# What would cause Cabomba to just start failing after thriving for so long?



## Raymond S. (Dec 29, 2012)

You may need to go back in your memory till you find what you changed just before
they started going down.
For example: Has the GH booster always been there ? And is it likely to be needed per the city water report ?


----------



## [email protected] (Nov 16, 2014)

Raymond S. said:


> You may need to go back in your memory till you find what you changed just before
> they started going down.
> For example: Has the GH booster always been there ? And is it likely to be needed per the city water report ?


Nothing has changed. I had the Cabomba when I first started EI dosing, so its fert and Excel has been constant, the GH Booster has also been a constant since I got the plants. Just a Betta in there fed once a day and just a half dozen pellets or so that he completely eats.

I thought that maybe it had just grown so dense that the light wasn't enough to cut through it, but after removing most of it and only using a few piece, that didn't seem to be the issue.


----------



## johnpfaff (Oct 18, 2013)

Dumb question on my part, has the plant been trimmed multiple times? Do you have the same problem with new top trimmings when replanted?


----------



## [email protected] (Nov 16, 2014)

johnpfaff said:


> Dumb question on my part, has the plant been trimmed multiple times? Do you have the same problem with new top trimmings when replanted?

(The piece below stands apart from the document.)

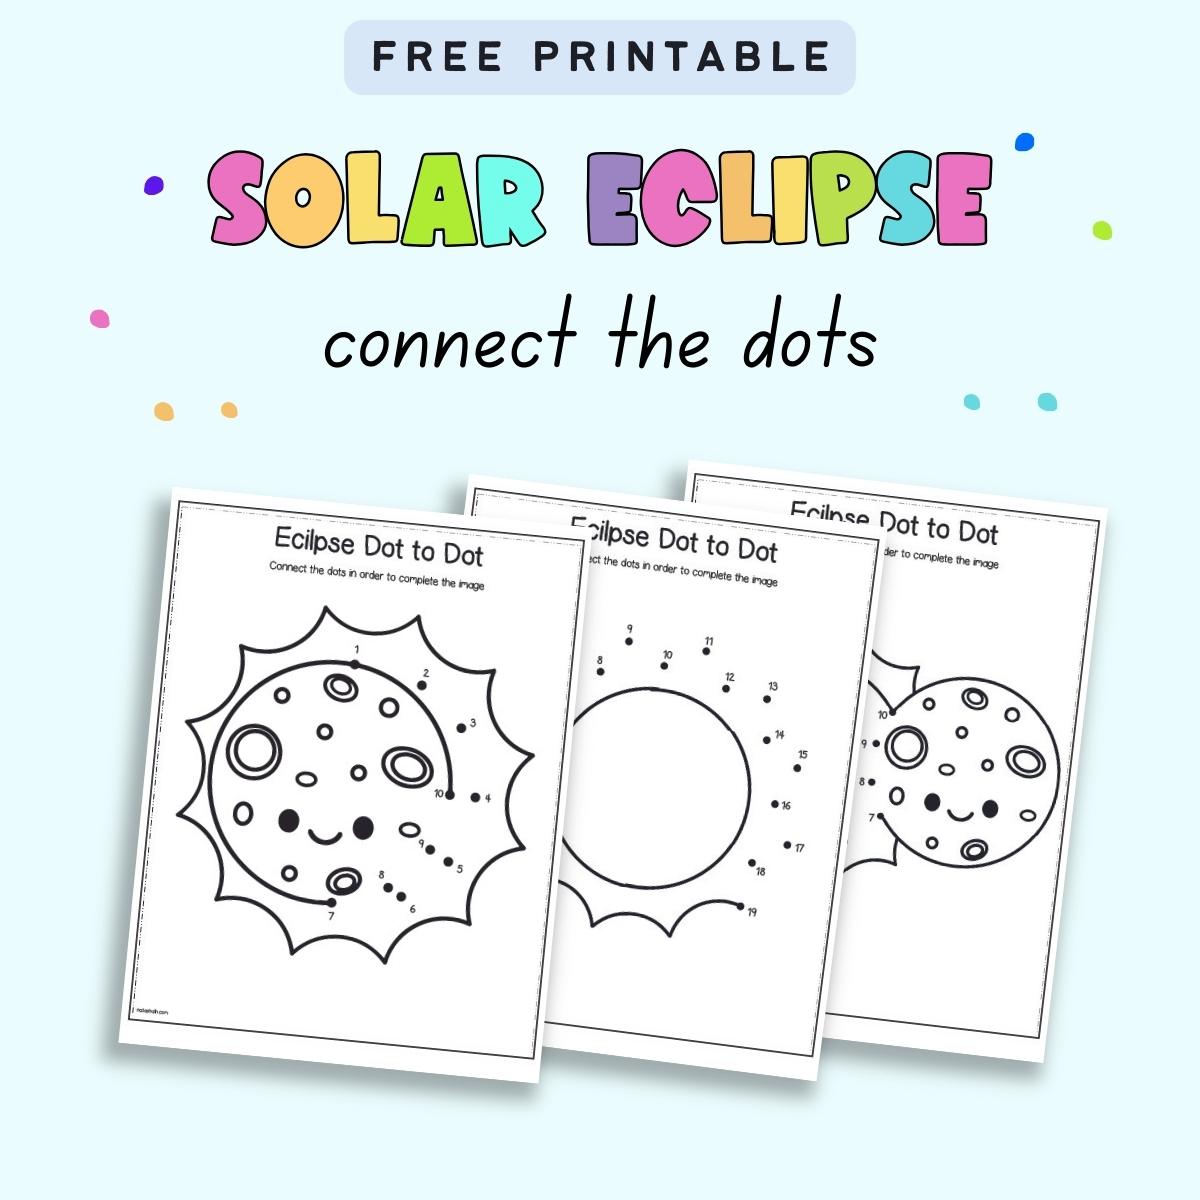 Text "free printable solar eclipse connect the dots" with a  preview of three dot to dots images.
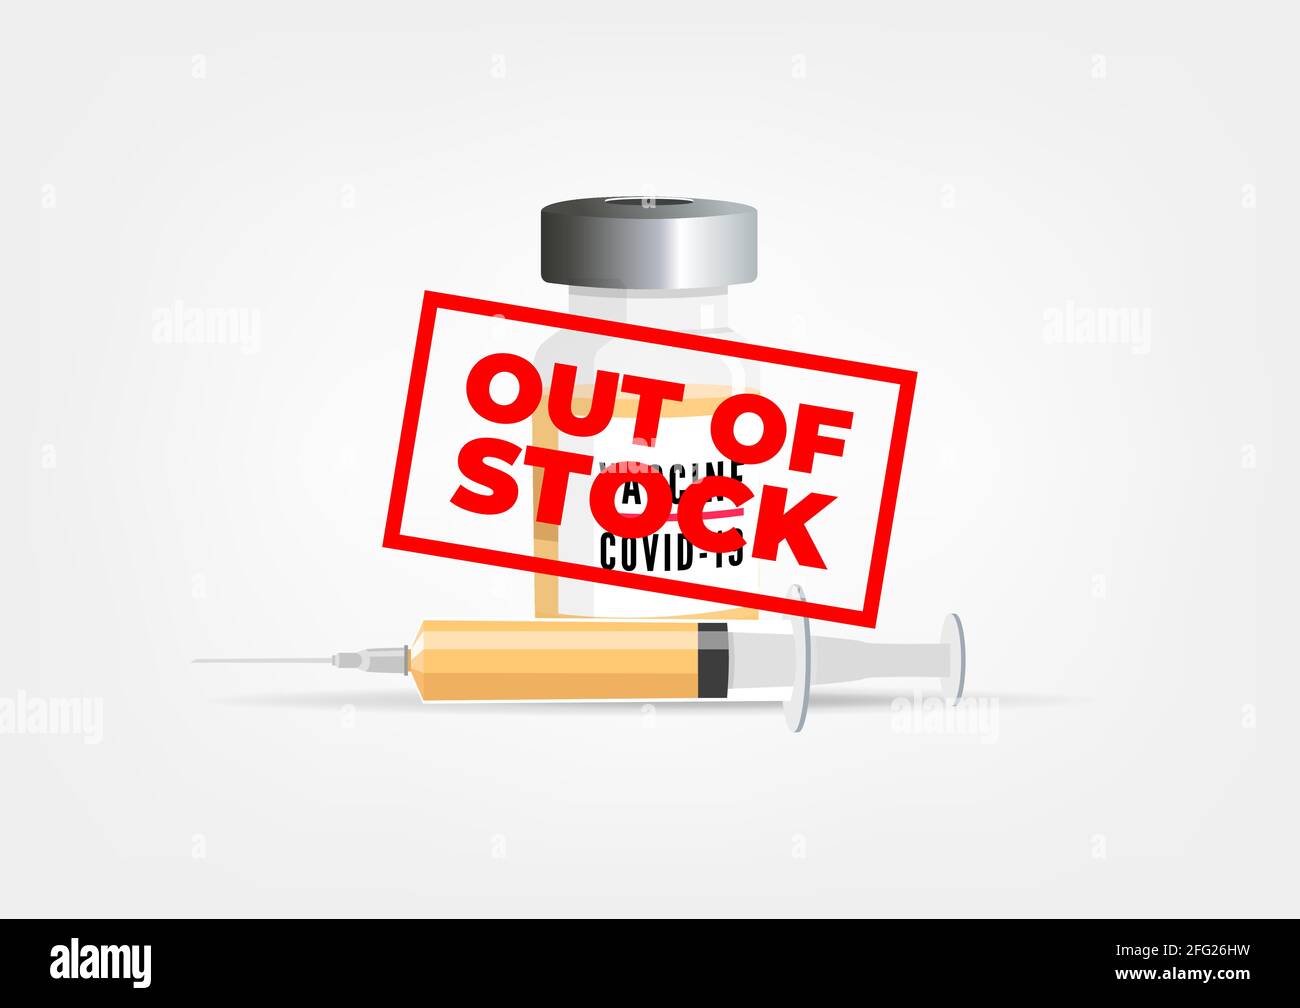 COVID-19 Vaccine out of stock. Stock Vector

It's been trimmed a lot as it was growing so fast. New growth always looked great. as the new growth would grow to the top I would trim and replant or put in a 5 gallon grow out tank.

When I replant it the new growth would have the same issues.

Bump:


onefang said:


> I wonder if your double dosing of excel has built the concentration to a point where the Cabomba won't tolerate it any more. I don't have any first hand experience, but I have seen several threads of folks who've seen their cabomba and many other plants melt once excel concentrations get too high. Even plants that normally tolerate it will start to suffer with too much.


It's a possibility I suppose? New growth looks pretty good when the plant is trimmed though so I'm not sure if that would be the main cause or not?


----------



## burr740 (Feb 19, 2014)

As overall plant mass increases, the global demand for ferts will also go up. What was enough for the tank three months ago may not be enough today. Overall plant mass is always relative. 

Not saying ferts are definitely the problem, just something to consider. 

I wouldnt think it's due to the excel. Ive had cabomba in a couple different tanks dosing heavy excel (2-3x) and never found it to be a sensitive plant.


----------



## trit0n2003 (Nov 19, 2010)

What substrate do you use? 

Maybe the plants have consumed all of the nutrients in the substrate, and now is trying to survive on strictly water column nutrients.


Sernt ferm mer phern


----------